Правительству украинского гетмана консул Франции уполномочен был содействовать всемерно.
Конечно, если б спросили лично у мосье Энно, он сказал бы, что и пану украинскому гетману тоже следовало бы дать по шапке! Ведь украинский гетман был немецким ставленником — ставленником государства, против которого Франция воевала целых четыре года, и в этой войне даже самого мосье Энно едва не призвали в армию, чтобы он отдал свою жизнь где-нибудь под Маасом, Верденом или на Марне.

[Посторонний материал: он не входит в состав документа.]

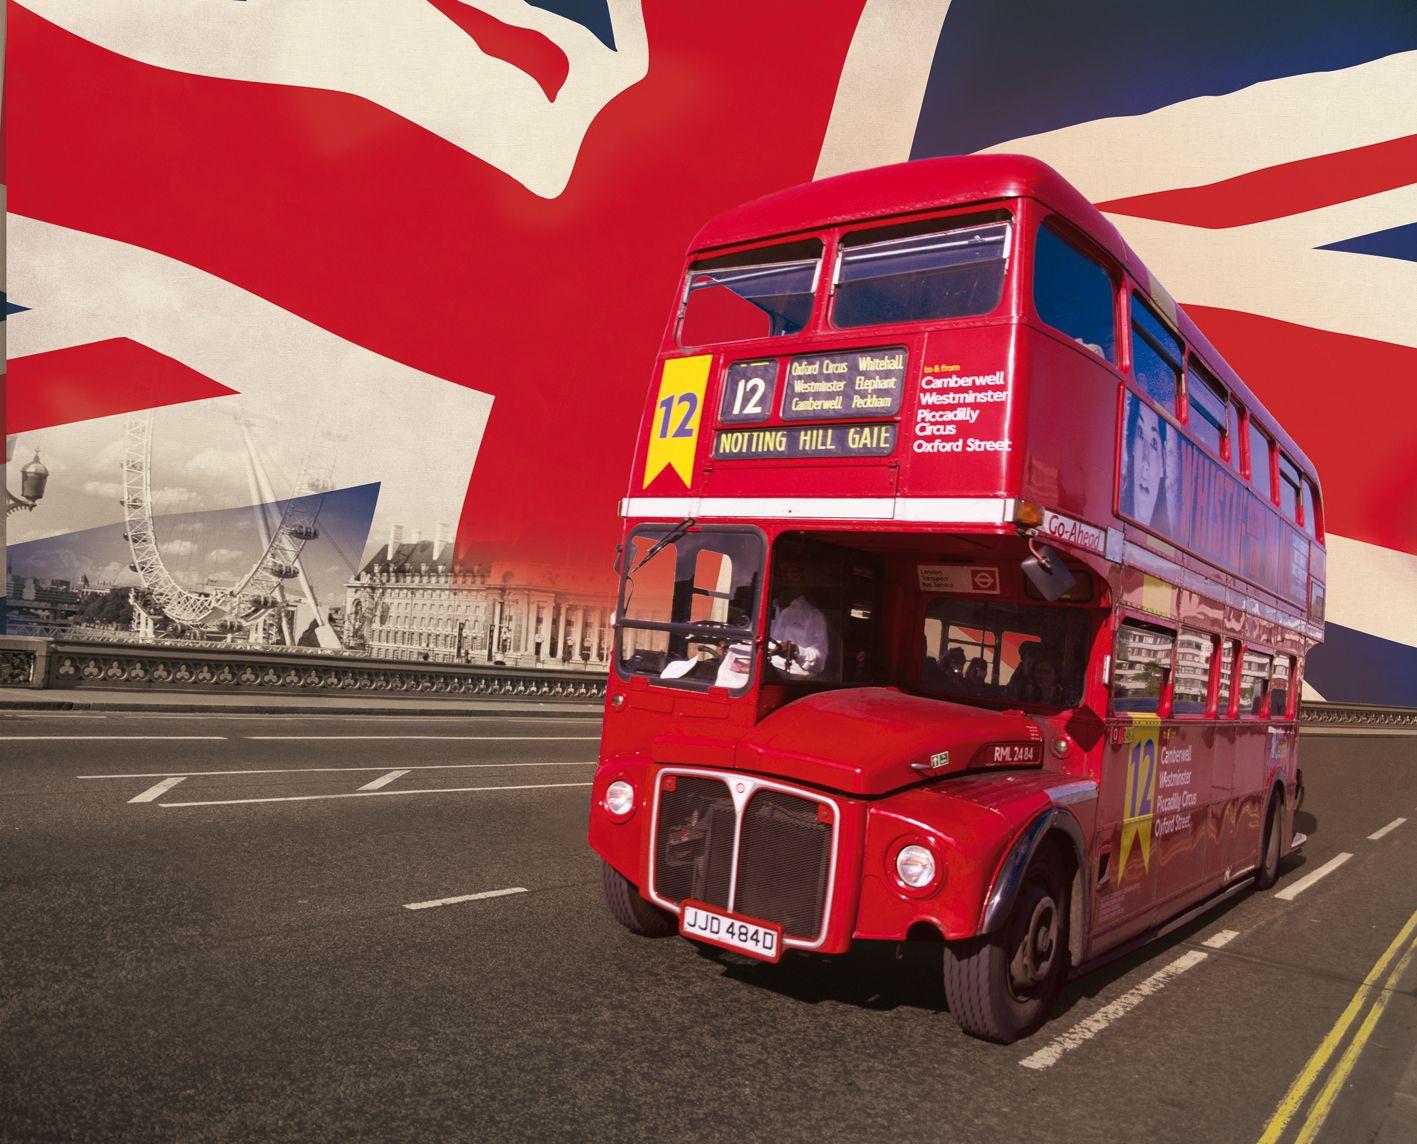 GIANT WALLPAPER WALL MURAL LONDON BUS UNION JACK THEME DESIGN 1417x1144

Но мосье Энно мог это сказать разве только мадам или в кругу самых близких друзей, а перед лицом всего человечества должен был осуществлять высокую политику правительства, направленную на поддержку украинского гетманата.
Ведь война против Германии уже окончилась, и окончилась победой Франции, значит отпала нужда в антинемецких союзниках.
Ведь пан гетман был против большевиков, значит заслуживал всяческой поддержки.
К тому же, как выяснилось совсем недавно, на том же совещании в Яссах, гетман вовсе и не был сепаратистом, а, наоборот, всей душой сочувствовал возрождению сильной централизованной капиталистической России, что как раз и отвечало интересам Франции в ее соперничестве с Англией.
И вот на тебе, нежданно-негаданно, — не успел мосье Энно прибыть сюда с полномочиями всемерно укреплять гетманский режим, как этот самый гетманский режим зашатался; бывшие деятели известной уже мосье Энно Центральной рады Винниченко и Петлюра вдруг устроили путч против пана гетмана!
Казалось бы, дело простое: раз консул Франции прибыл, чтоб поддерживать на Украине гетмана, а директория в Белой Церкви, эти самые Винниченко с Петлюрой, затеяла против гетмана восстание, то — какой может быть разговор? Разогнать директорию! Усмирить восстание!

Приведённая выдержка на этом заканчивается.